I’m terrible. But then, you knew I would be terrible when you chose to leave me in this miserable, bright place, so I can only assume your question is a bad attempt at humor.

Caldswell actually had the guts to laugh at that. If a xith’cal had told me he was feeling terrible, I would have shot him before he decided to do something about it. But then, I would have shot him before he’d had a chance to tell me anything, so it was a moot point.

Shooting xith’cal was a natural reaction. After all, they ate humans. They ate pretty much anything they could kill, actually, but they liked the sentient races best. Most of my pirate hunting had been ferreting out xith’cal slavers who raided the smaller colonies to get fresh breeding stock for the “herds” they kept on their tribe ships. Combine that with a violent temper, complete disregard for any laws other than their own, and a scaly, naturally armored body that was three feet taller than any human and three times as dense, and you had something that any sensible person would shoot on sight.

“Morris!” Caldswell yelled, glancing at me. “Put that cannon away and get over here.”

Though it went against every instinct I had, I obeyed. Shoving Sasha in her holster, I walked over to stand beside the captain. This particular xith’cal must not have been one of their warriors.

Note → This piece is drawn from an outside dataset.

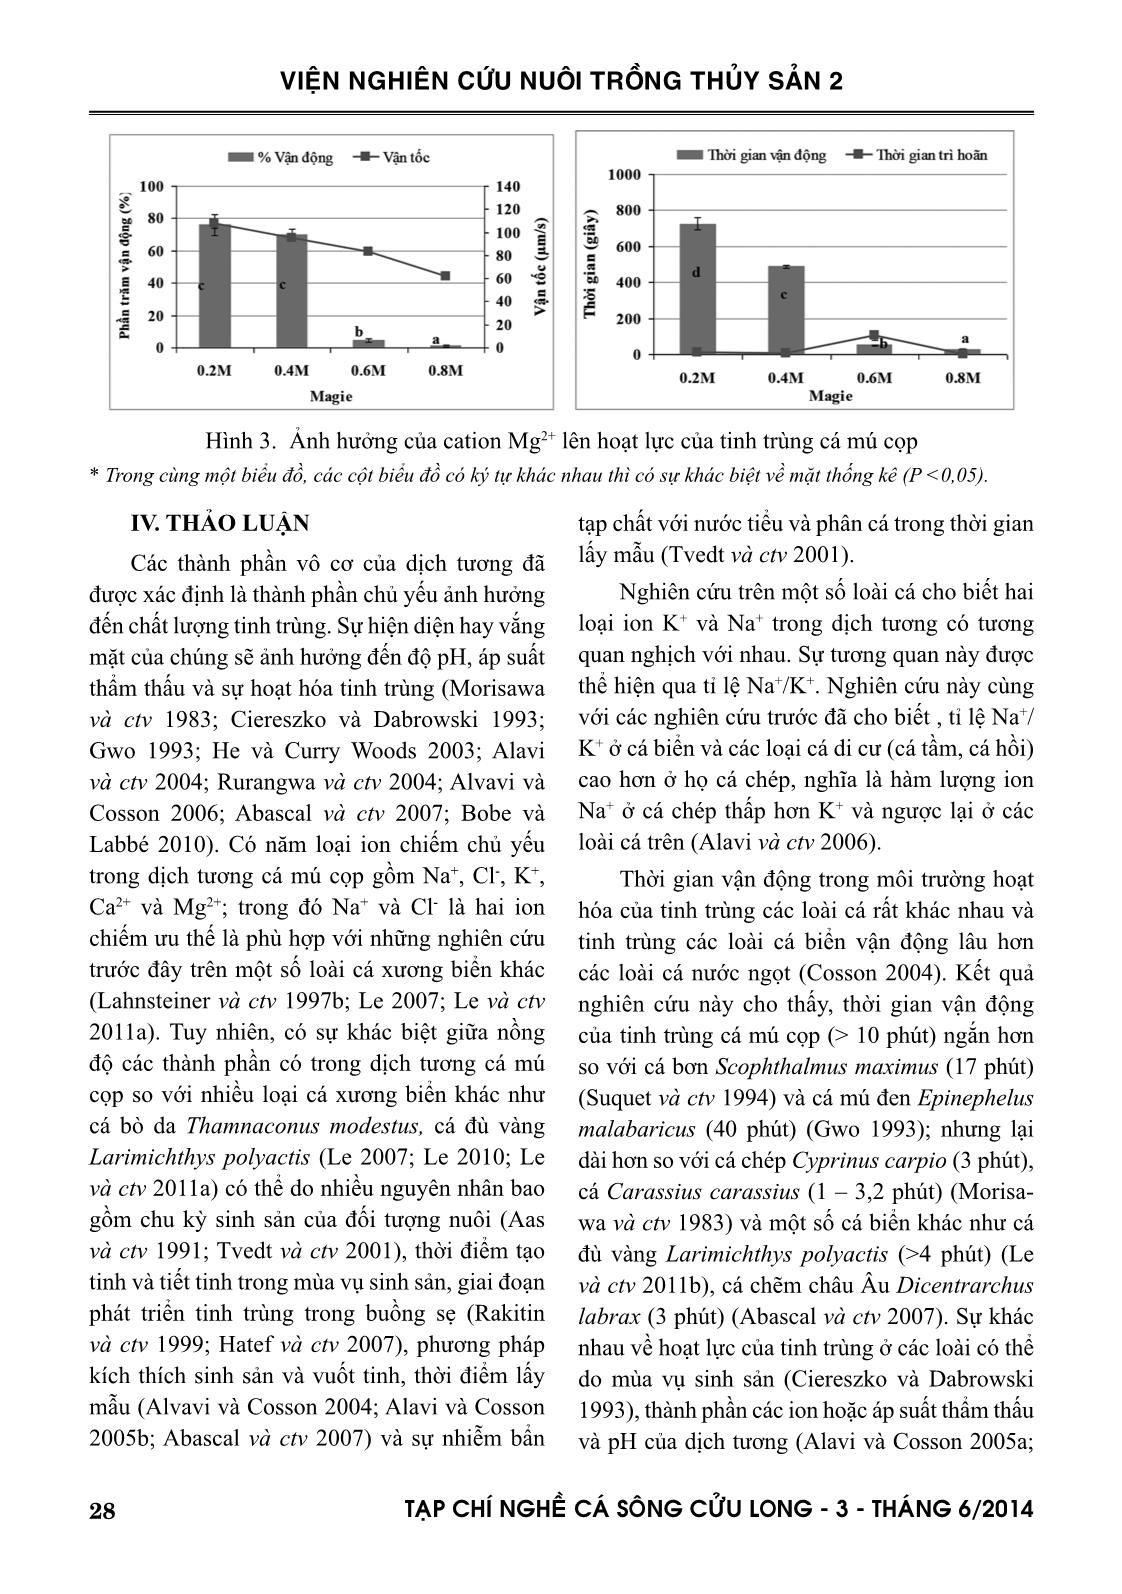 Một số đặc tính của tinh trùng và ảnh hưởng các cation lên hoạt lực của tinh trùng cá mú cọp (Epinephelus fuscoguttatus Forsskal, 1775) trang 6

He was a good bit smaller than the ones I’d seen, and his scaly head was smooth, lacking the enormous ridges warriors grew.

That was something at least, but even if he was short for a xith’cal, he still towered over me even in my suit. Nearly eight feet tall, his body was covered in long, thin, overlapping scales, almost like feathers, but they were sharp enough to cut through ballistic steel, something I’d found out the hard way. Most xith’cal I’d seen were black or dark brown, but this one was green, a soft, mottled forest green that reminded me of winter trees. His eyes were like any other xith’cal’s though—long, honey yellow, slitted, and deep set below a heavy bone ridge that made him look like a scowling snake. His snout was long like a lizard’s, stronger than a steel vise, and full of sharp yellow teeth that were starting to make me seriously regret not shooting when I had the chance.